Coup de théâtre. Finalement, le détenu belge qui devait être euthanasié à sa demande ce dimanche restera en vie. Ses médecins ont « décidé de ne plus continuer la procédure d'euthanasie », a annoncé le ministère de la justice belge.
Pulsions sexuelles irrépressibles
Frank Van Den Bleeken purge une peine pour viols et homicide depuis près de 30 ans. Il se dit atteint d’une pathologie incurable. Il ne souffre ni d’un cancer en phase terminale, ni d’une tétraplégie complète ; mais bien de pulsions sexuelles irrépressibles, qui lui causent, selon sa formule, des « souffrances psychiques insupportables et sans espoir de guérison ». Des propos confirmés par plusieurs expertises psychiatriques.
Ce détenu de 51 ans estime être un danger pour la société. Il a toujours refusé sa libération anticipée, par peur, selon son avocat, de faire de nouvelles victimes. Un peu plus tôt, il avait demandé son transfert aux Pays-Bas, dans un centre psychiatrique spécialisé dans ce type de profil. Mais la Cour d'appel de Bruxelles avait rejeté sa demande pour des raisons formelles. Du coup, Frank Van Den Bleeken a demandé la mort. Les juges ont accepté, estimant que son cas correspondait aux conditions médicales et légales pour l’euthanasie.
Vive polémique
Cette décision avait provoqué un tollé au sein de l’opinion publique, y compris parmi les partisans de la mort assistée. Le président de la commission belge de contrôle sur la mort assistée, le cancérologue Wim Distelmans, a ainsi refusé d'euthanasier Frank Van Den Bleeken. « Tout le monde a droit aux soins palliatifs, a-t-il déclaré au journal flamand Het Laatste Nieuws. Aux Pays-Bas, un traitement thérapeutique était possible. On n'a pas été au bout du dossier. Éthiquement, nous faisons fausse route si nous lui accordons l'euthanasie ».
De son côté, la sénatrice belge Christine Defraigne, co-auteure de la loi sur l’euthanasie des mineurs atteints d’une maladie incurable, a estimé qu’une ligne jaune avait été franchie. « A-t-on tout tenté ? La castration chimique n’était-elle pas adaptée puisque sa souffrance semble être liée au fait d’être considéré comme violeur incurable et à la peur de recommencer ? Dans ce cas, on fait peut-être une interprétation extensive de la loi : il s’agit davantage ici d’un suicide assisté – qui n’est pas légal en Belgique – que d’une euthanasie », s’est-elle exprimé dans les pages de Libération.
"Transfert rapide"
Sans fournir d’explications officielles, le ministère de la Justice a annoncé la suspension de la procédure, les médecins refusant de l’appliquer. Frank Van Den Bleeken sera finalement transféré au centre psychiatrique légal de Gand, en vue de soins « adaptés ». Dans un communiqué, le ministère indique que « les motivations personnelles de cette décision relèvent du secret médical ».

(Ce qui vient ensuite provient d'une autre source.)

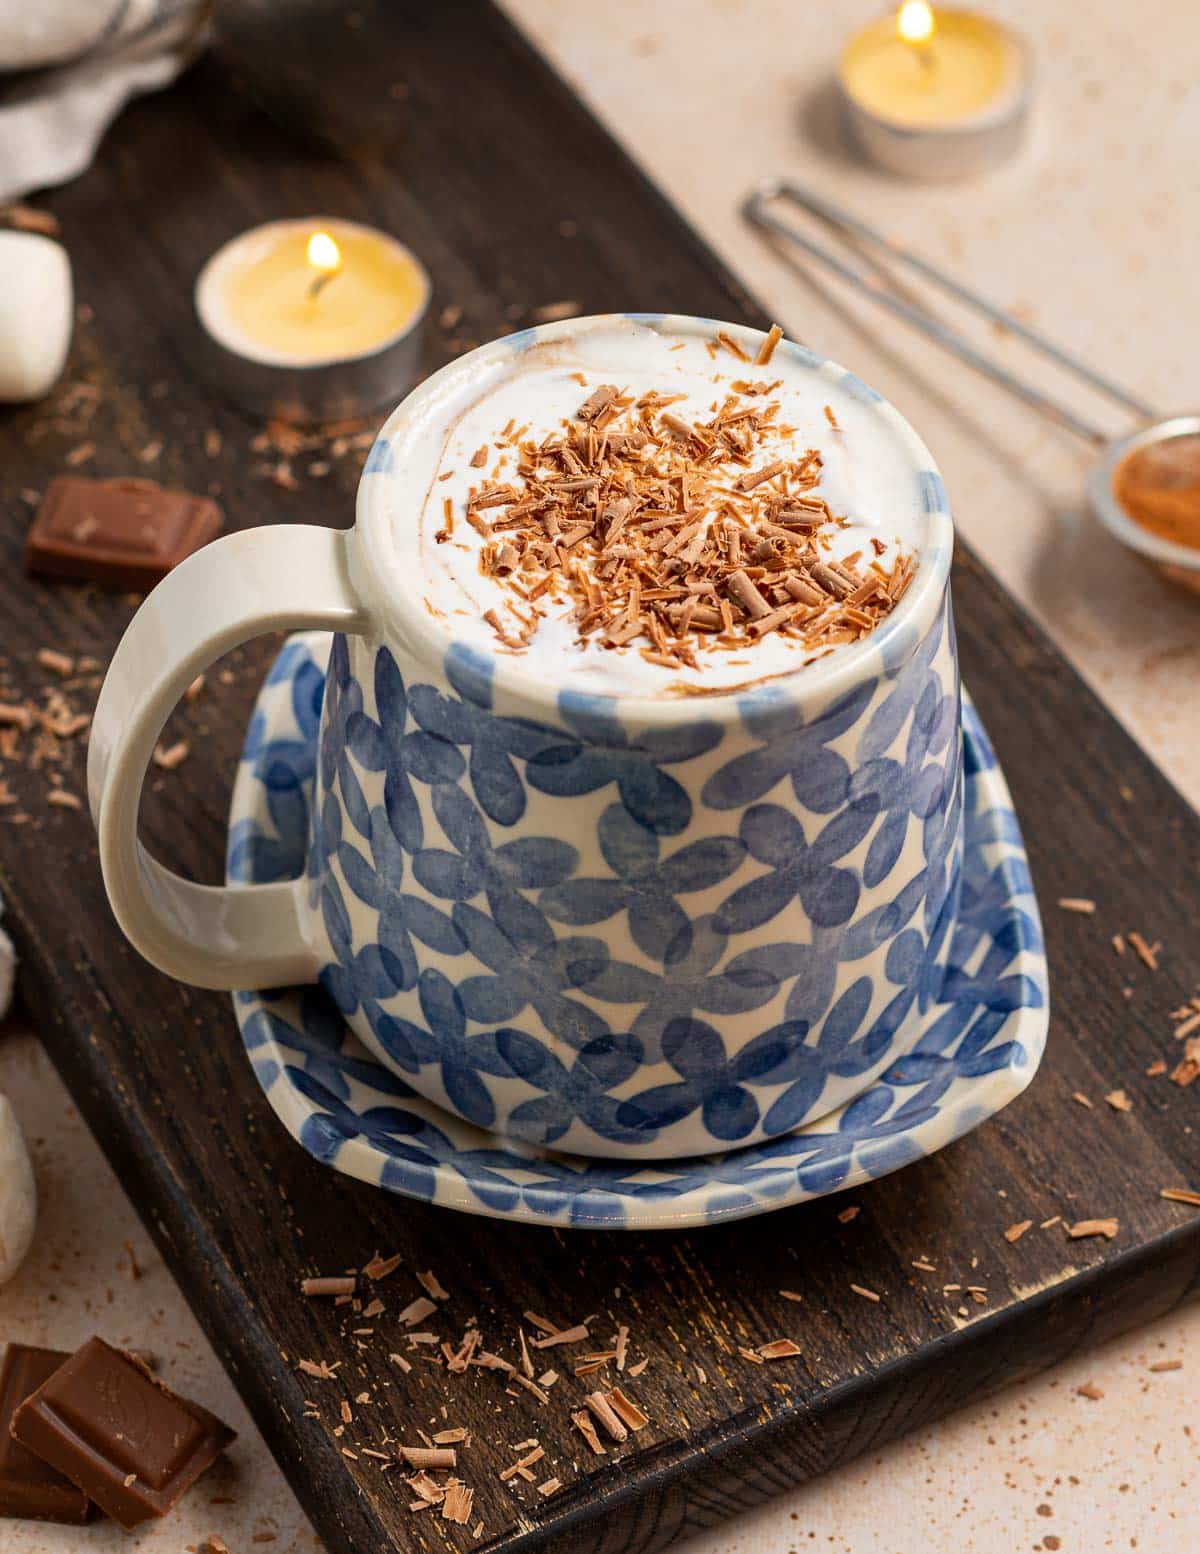 a mug of hot chocolate with cream and chocolate curls
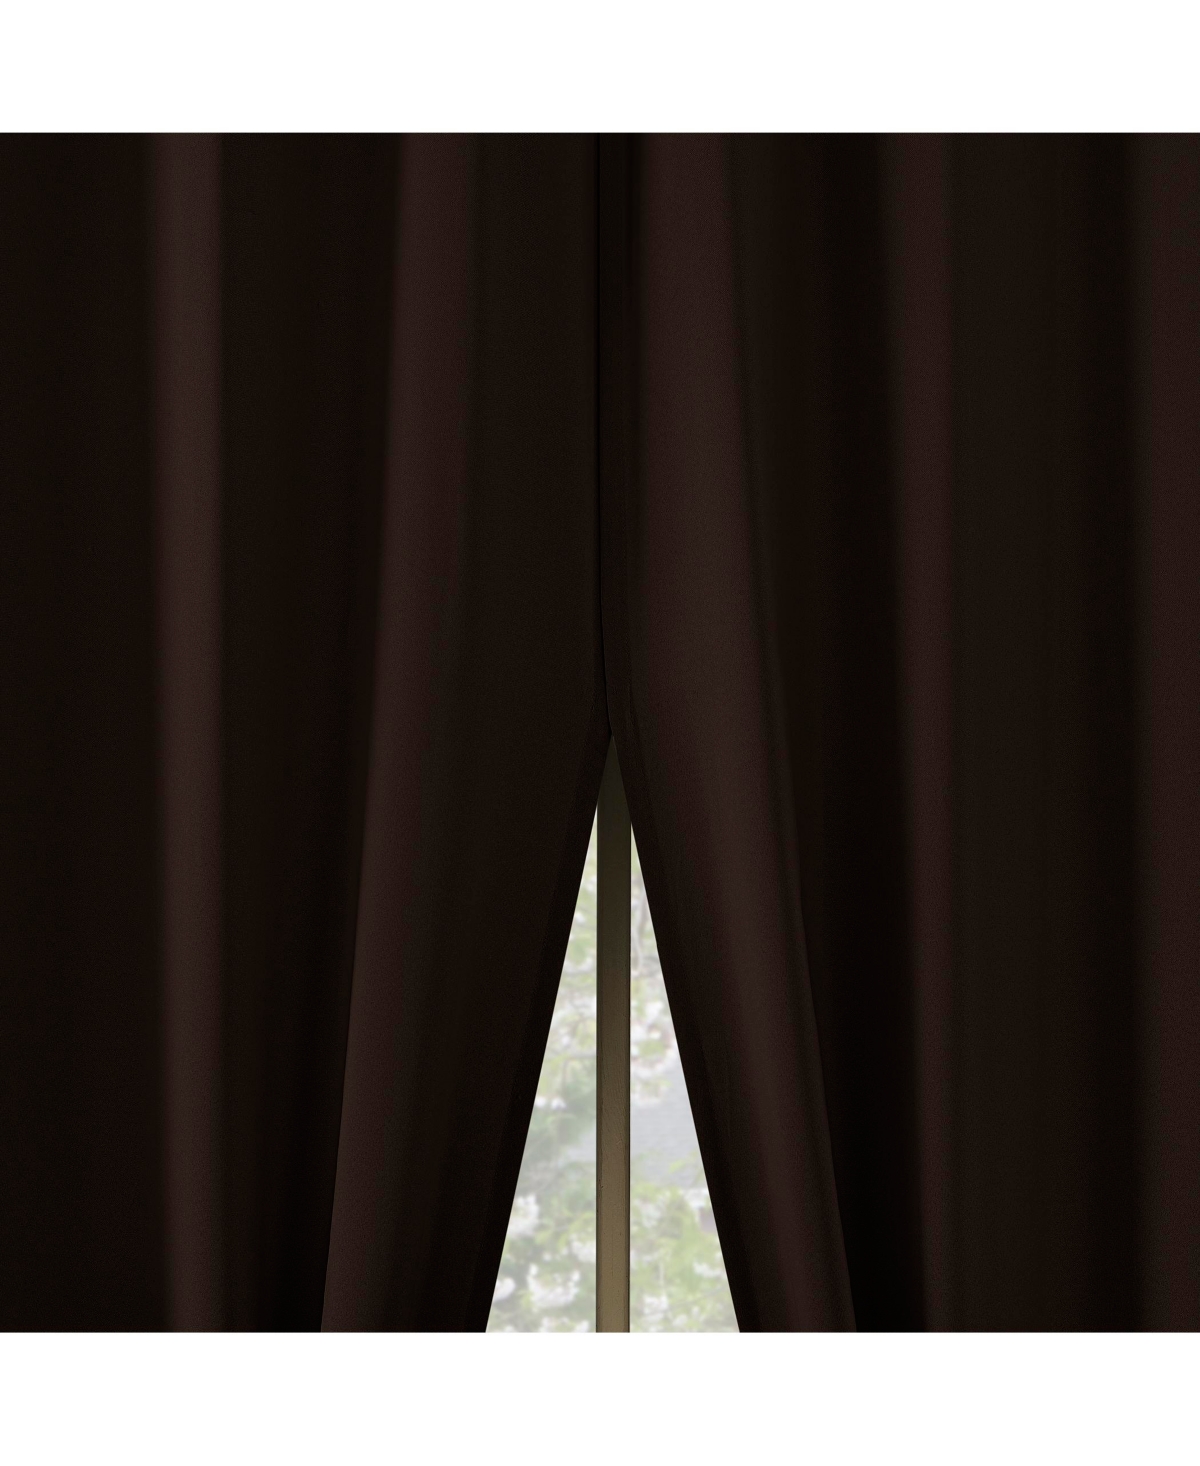 Brandon Magnetic Closure Room Darkening Grommet Curtain Panel Pair - Vintage blue

En outre, des « contacts très récents et intenses » avec les autorités néerlandaises « offrent une claire perspective d'un transfert rapide vers un centre spécialisé dans les longs séjours d'internement », explique le communiqué. Le ministre de la justice a promis de développer dans les six prochains mois un « plan en vue de l'organisation d'une capacité concrète d'accueil en Belgique » des internés souffrant de troubles psychiques profonds. Le pays a été plusieurs fois condamné par la Cour européenne des droits de l'homme pour ses carences dans ce domaine.